*Exercise details:*
Each line below must be reproduced exactly, though the pictures are to be dropped.

*Recorded information:*
────────────────

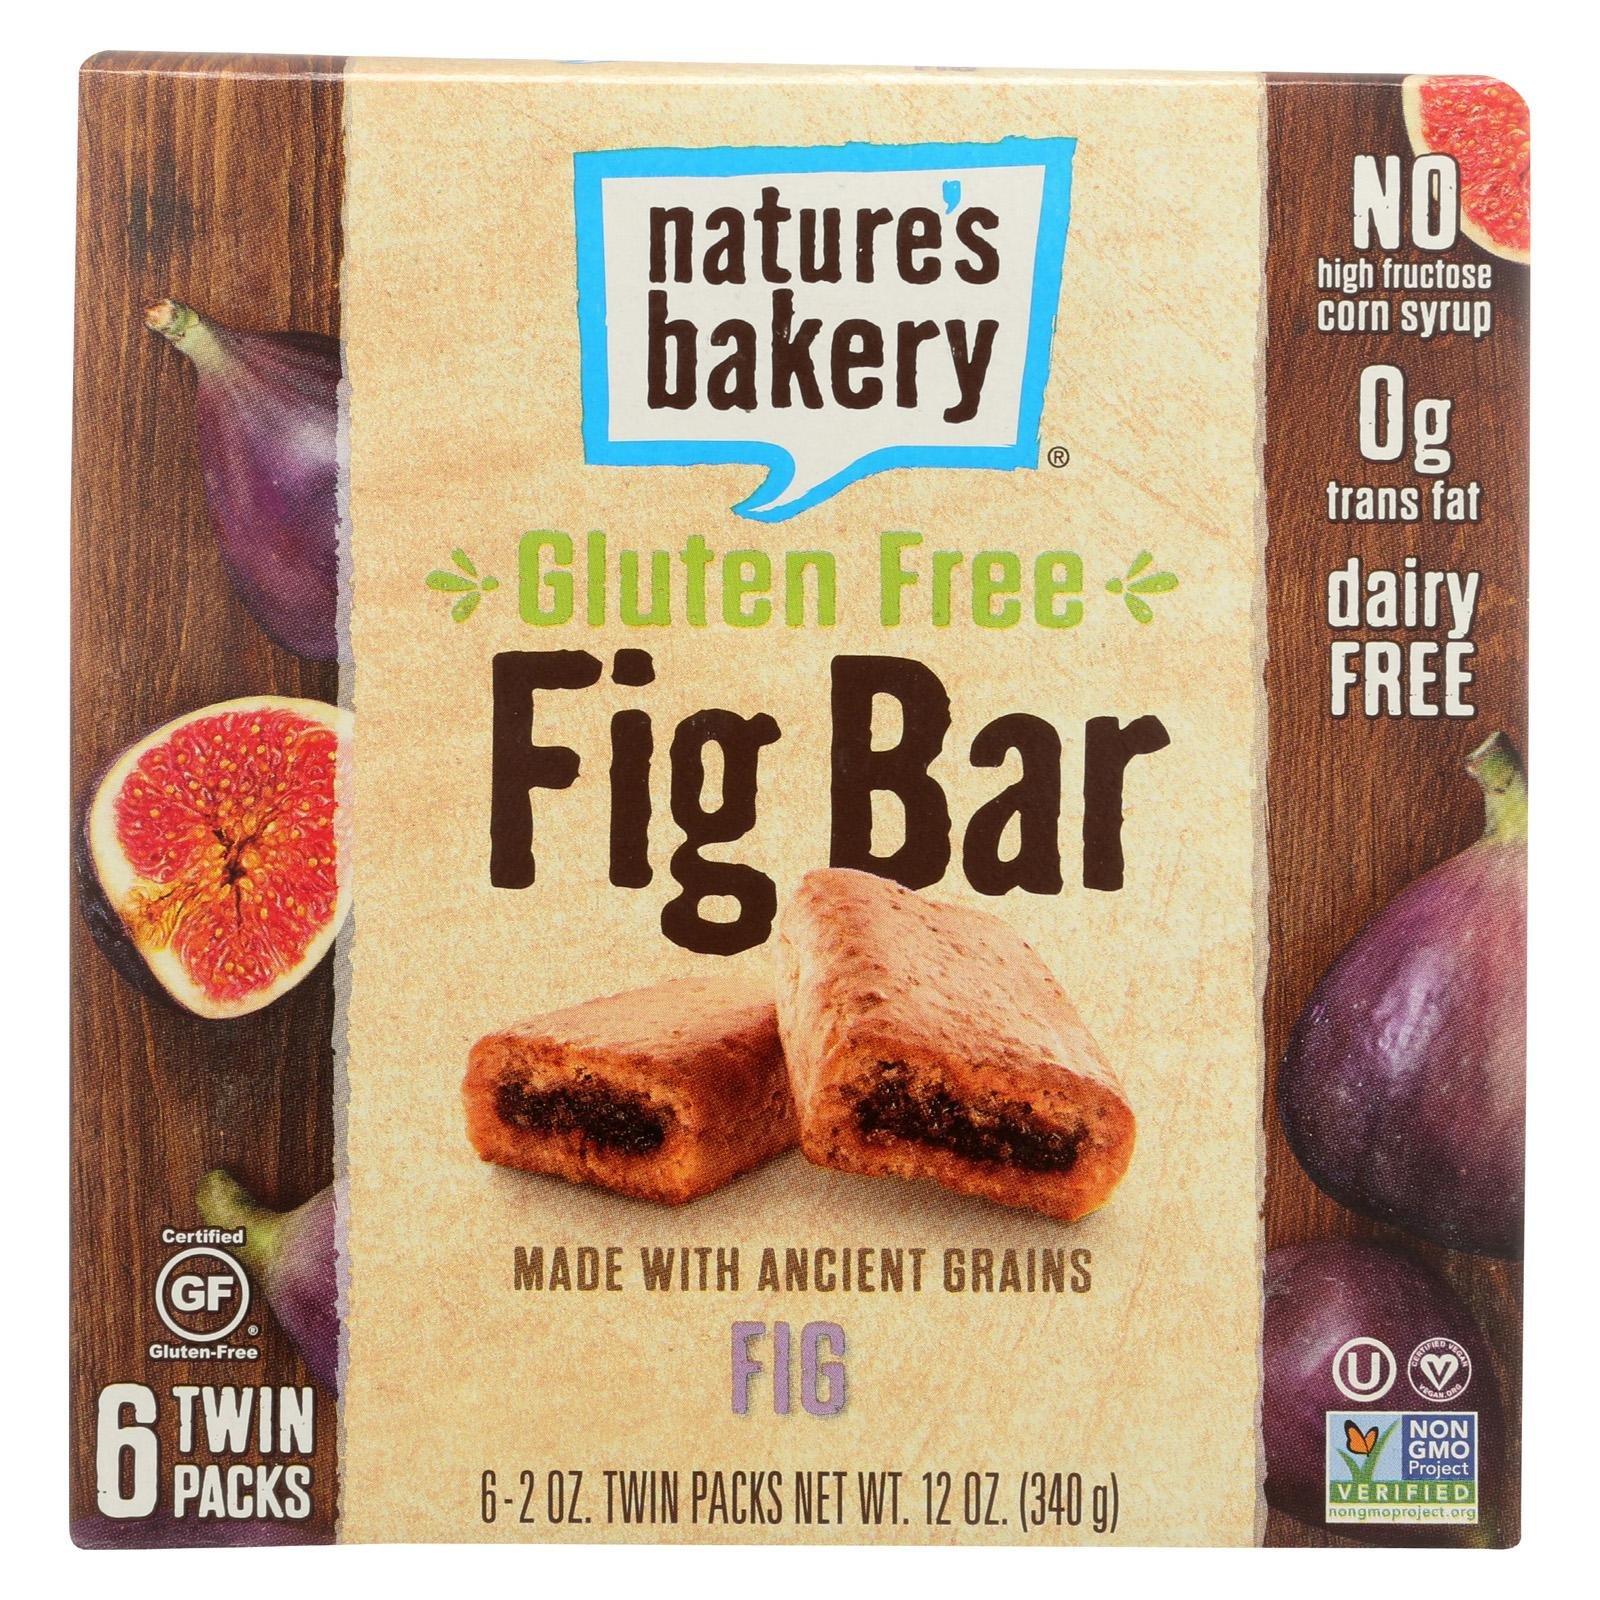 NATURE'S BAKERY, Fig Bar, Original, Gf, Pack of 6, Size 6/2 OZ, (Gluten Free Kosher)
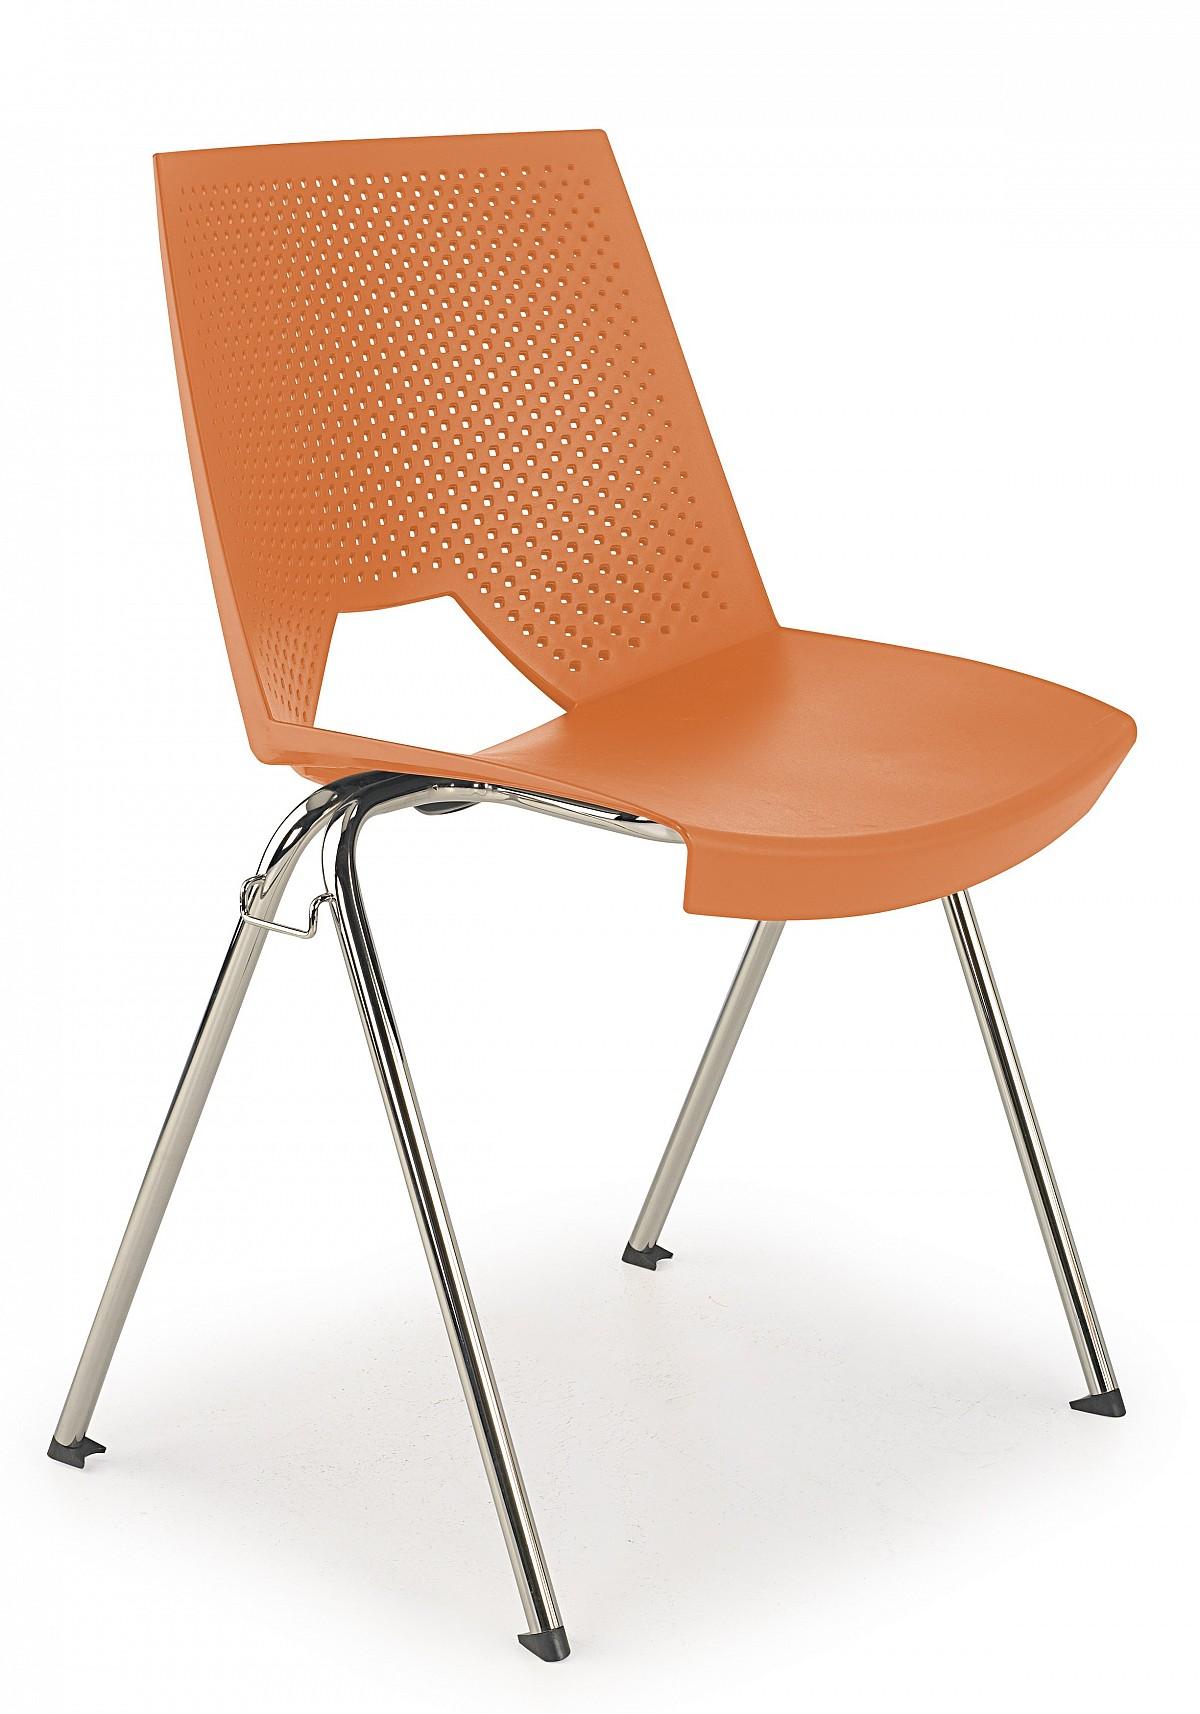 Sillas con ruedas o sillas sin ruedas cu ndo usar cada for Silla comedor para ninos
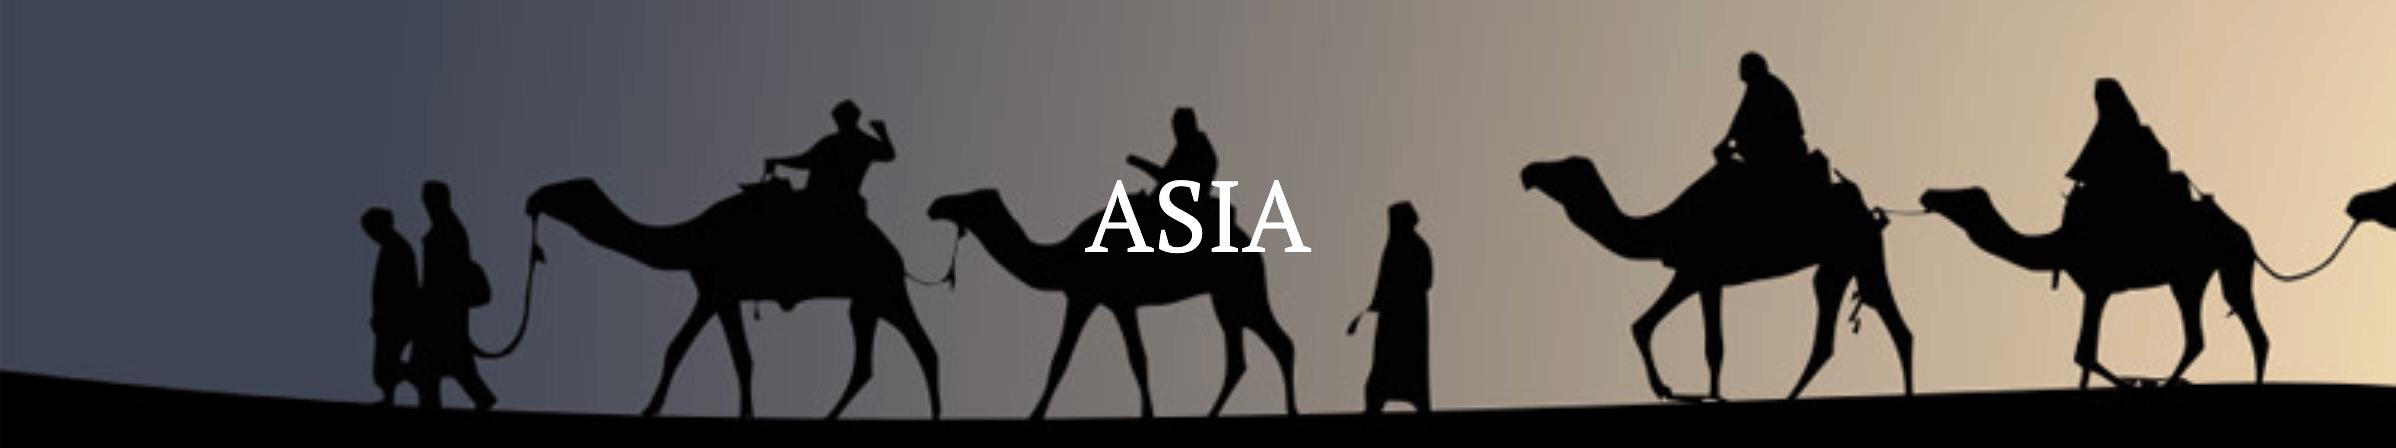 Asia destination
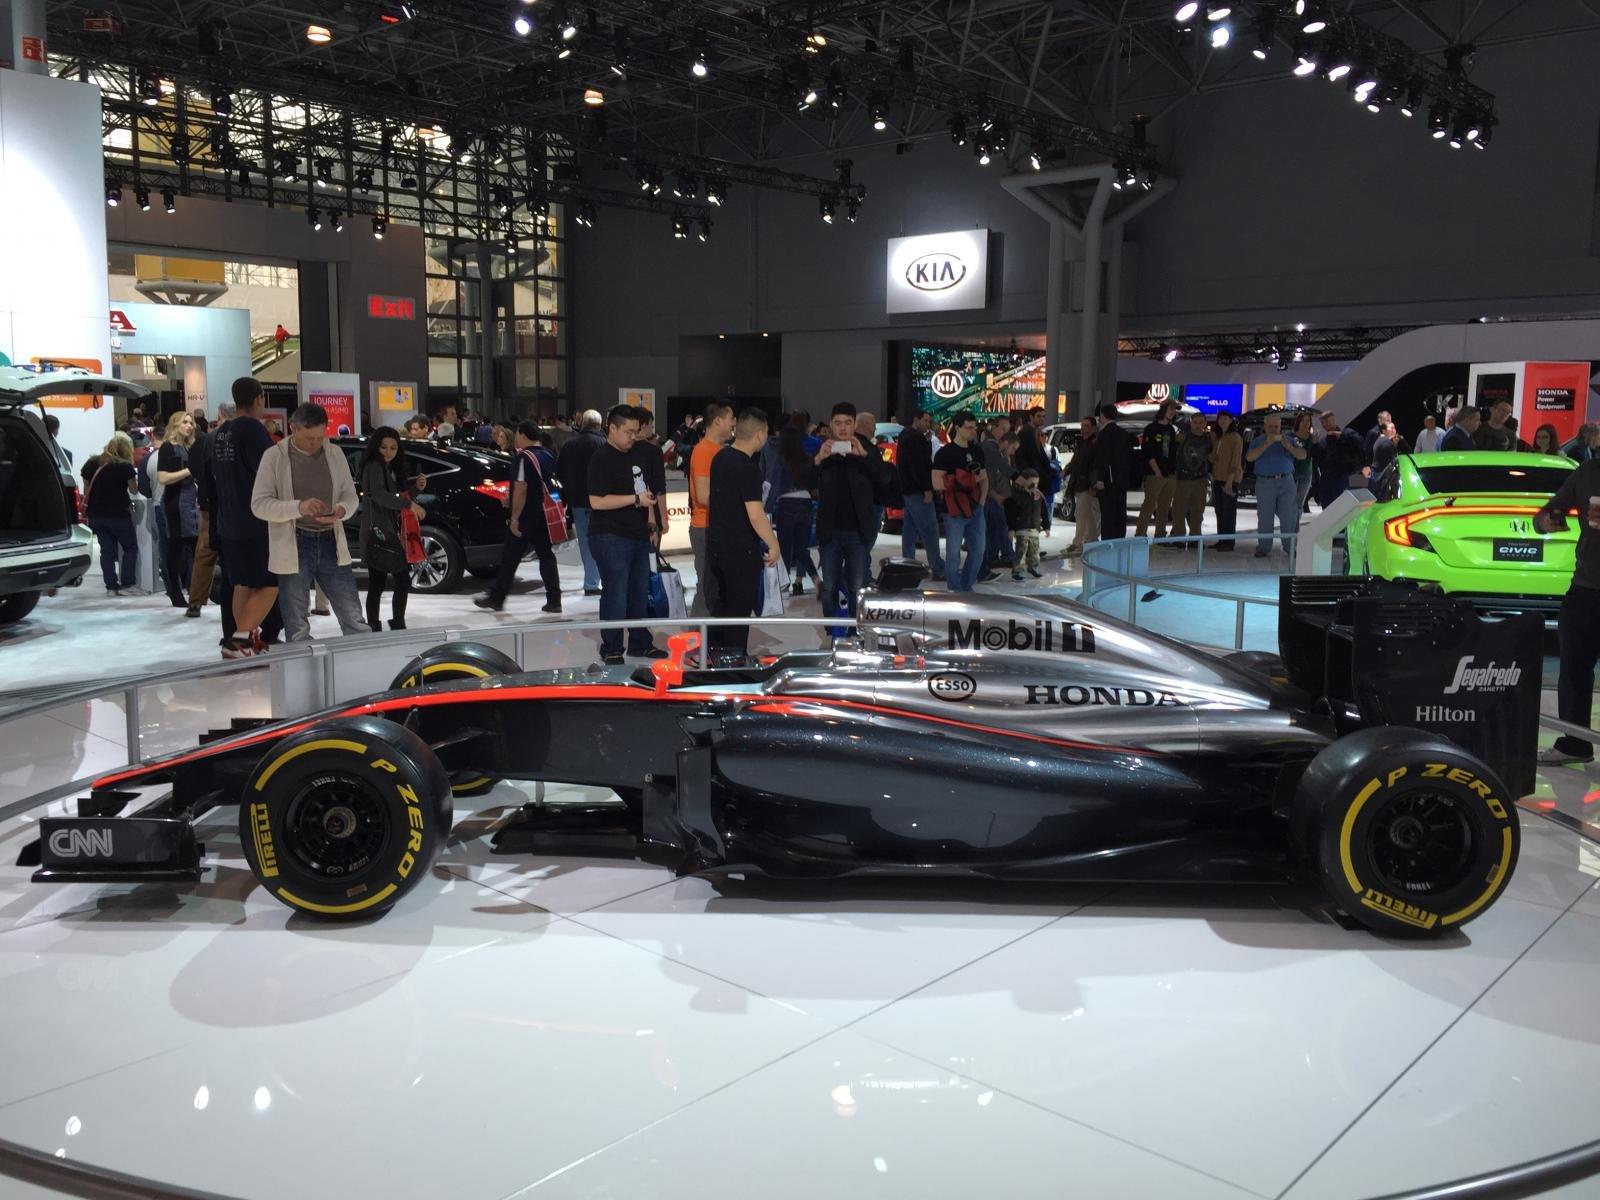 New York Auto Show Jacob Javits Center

────────────────

*Exercise solution:*
 NATURE'S BAKERY, Fig Bar, Original, Gf, Pack of 6, Size 6/2 OZ, (Gluten Free Kosher)
 Sillas con ruedas o sillas sin ruedas cu ndo usar cada for Silla comedor para ninos
 Asia destination
 New York Auto Show Jacob Javits Center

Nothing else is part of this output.